▶ About this task:
I'd like the entire listing output verbatim, apart from the pictures.

▶ Input data:
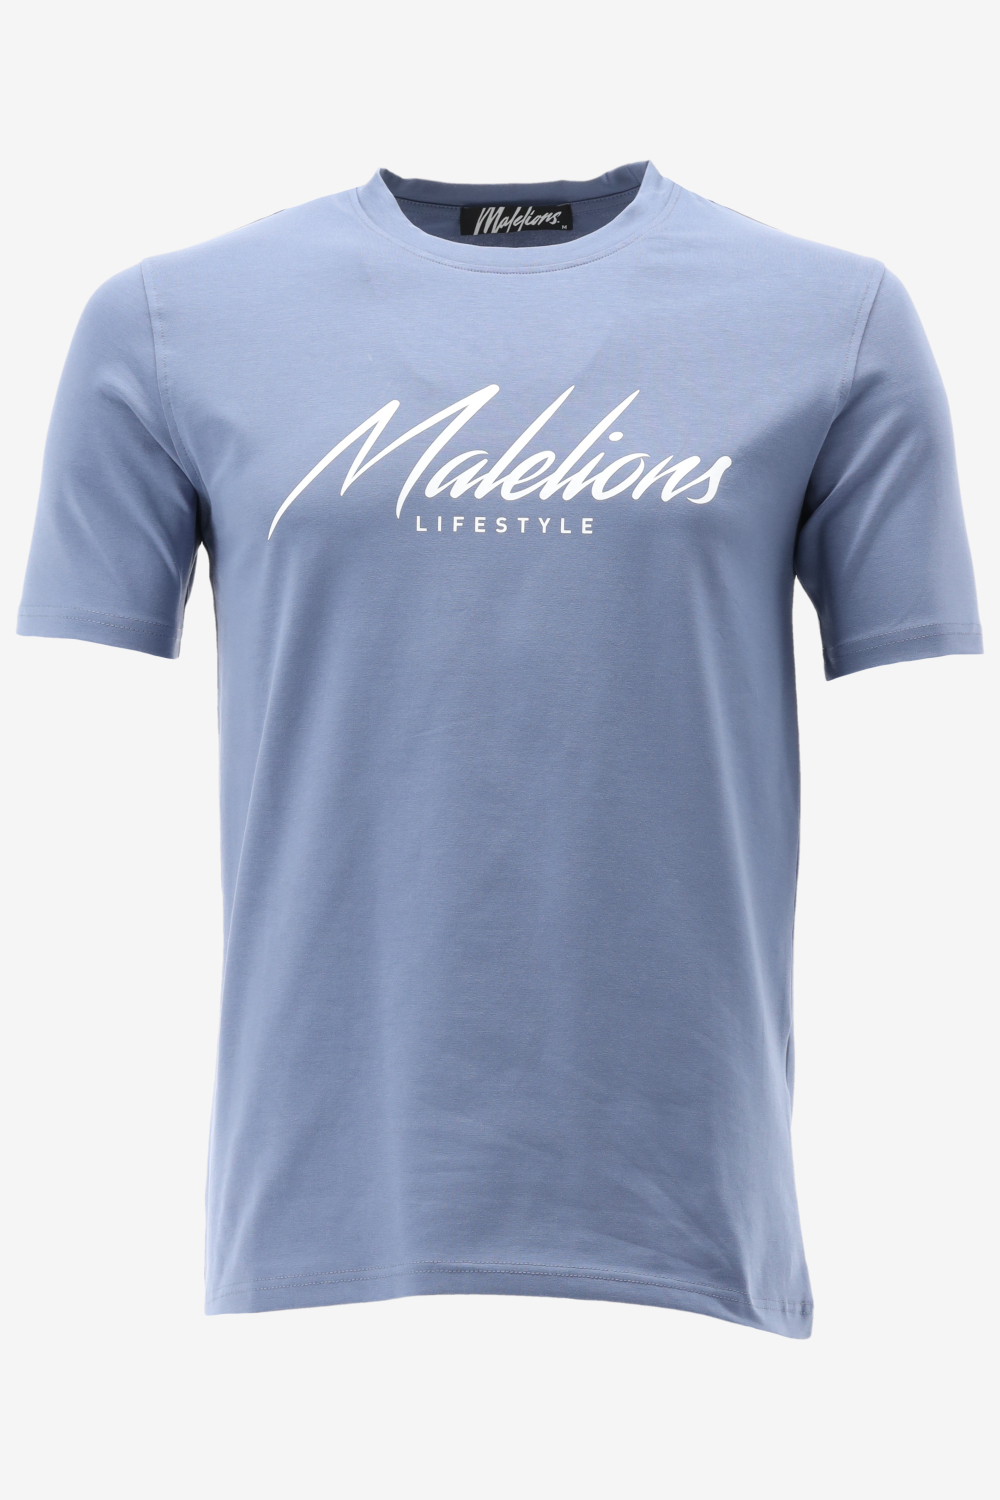 Malelions T-shirt 
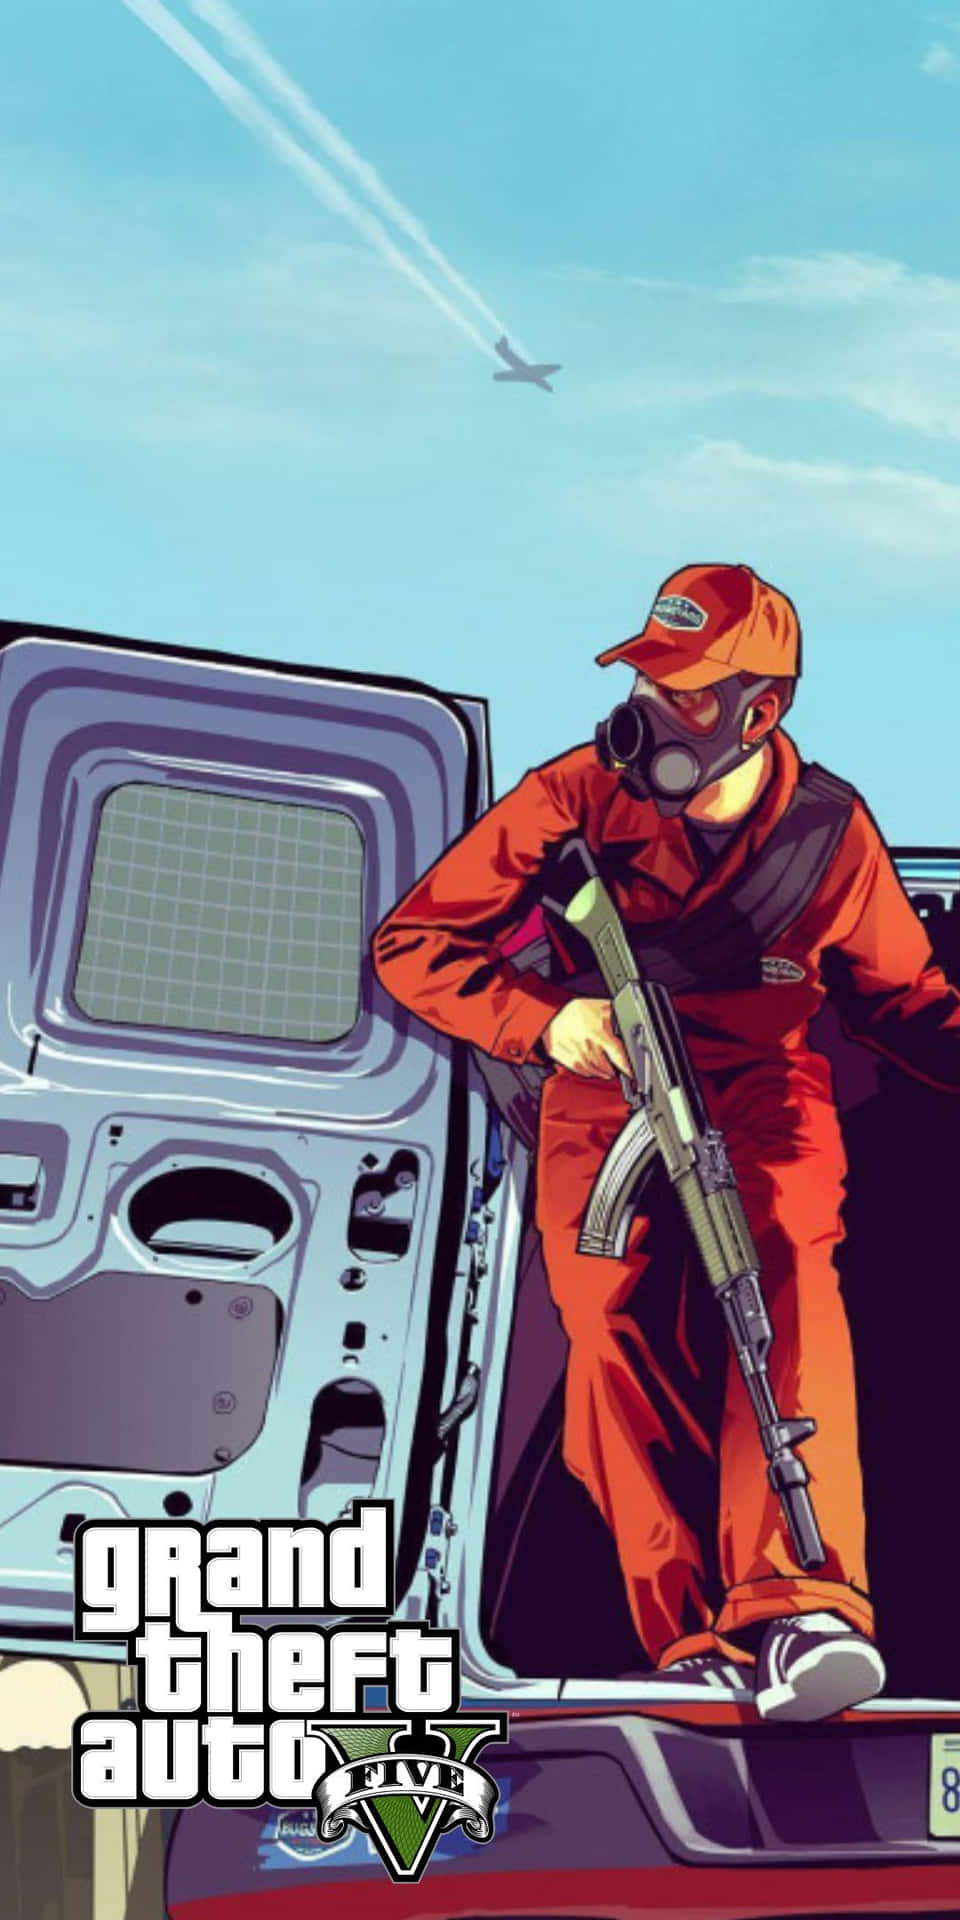 Pixel3 Grand Theft Auto V Bakgrundsbild.
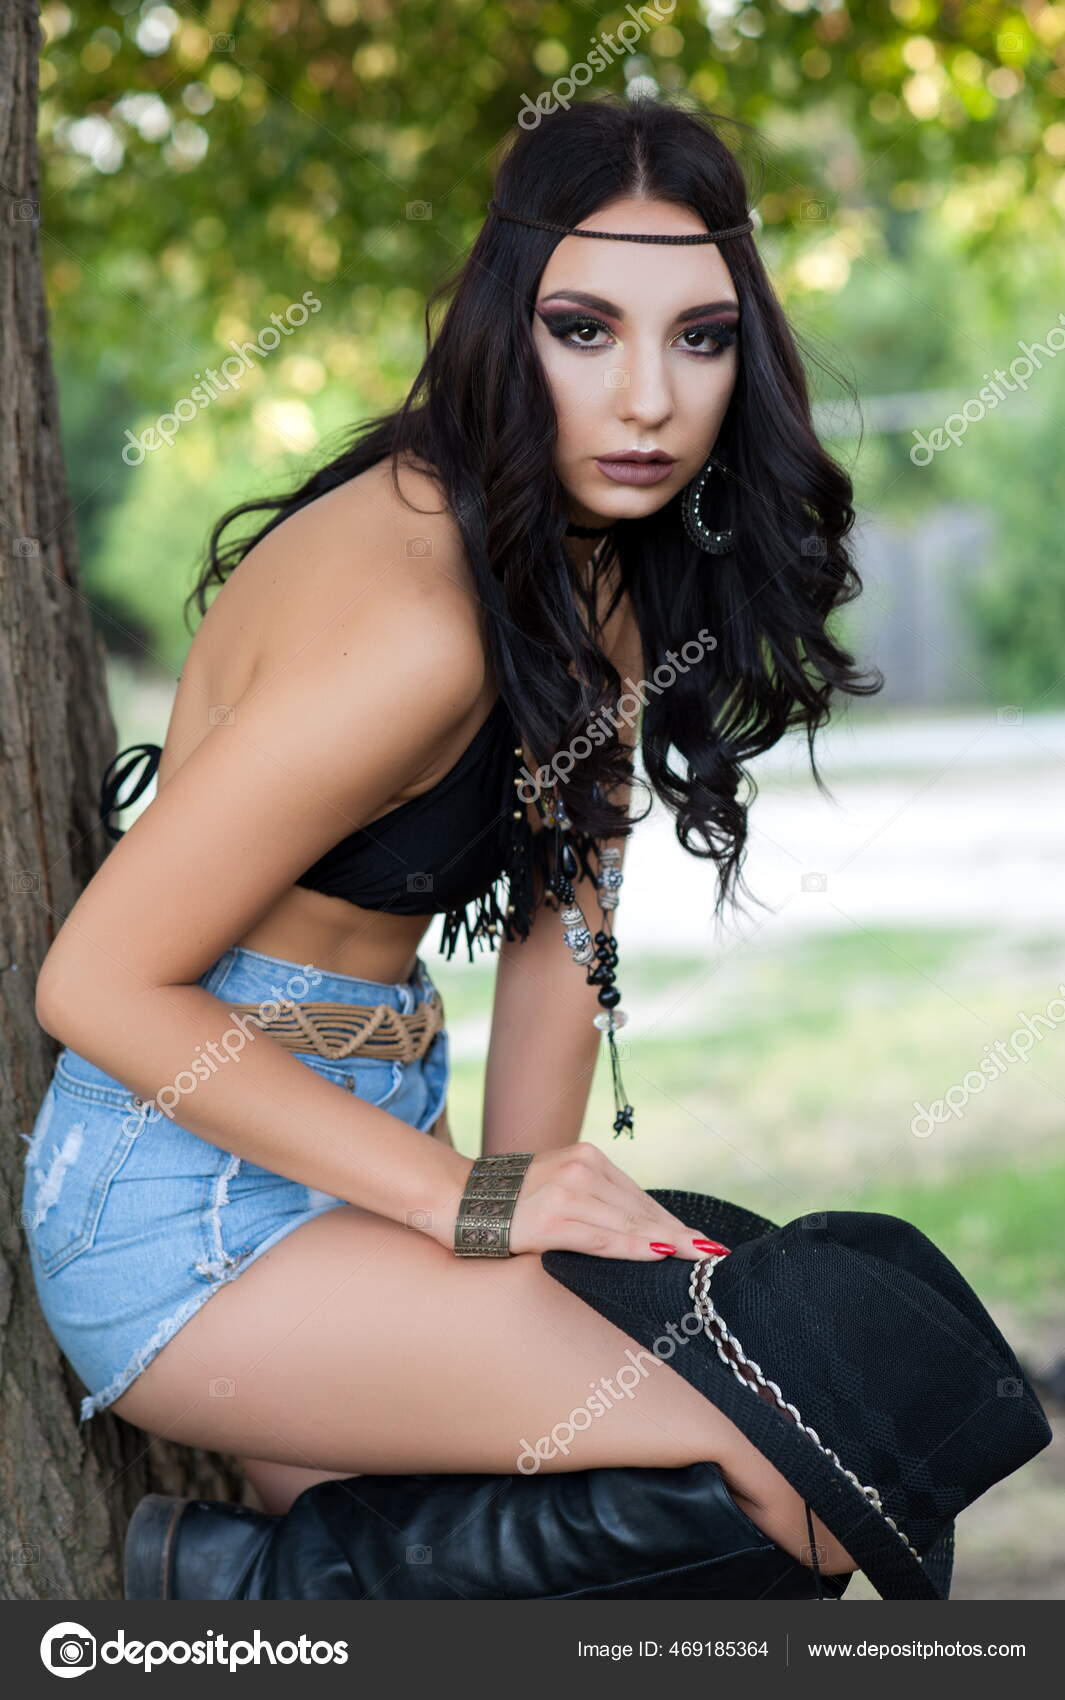 https://st2.depositphotos.com/1012146/46918/i/1600/depositphotos_469185364-stock-photo-beautiful-sexy-brunette-girl-dressed.jpg

▶ Solution for this task:
 Malelions T-shirt 
 Pixel3 Grand Theft Auto V Bakgrundsbild.
 https://st2.depositphotos.com/1012146/46918/i/1600/depositphotos_469185364-stock-photo-beautiful-sexy-brunette-girl-dressed.jpg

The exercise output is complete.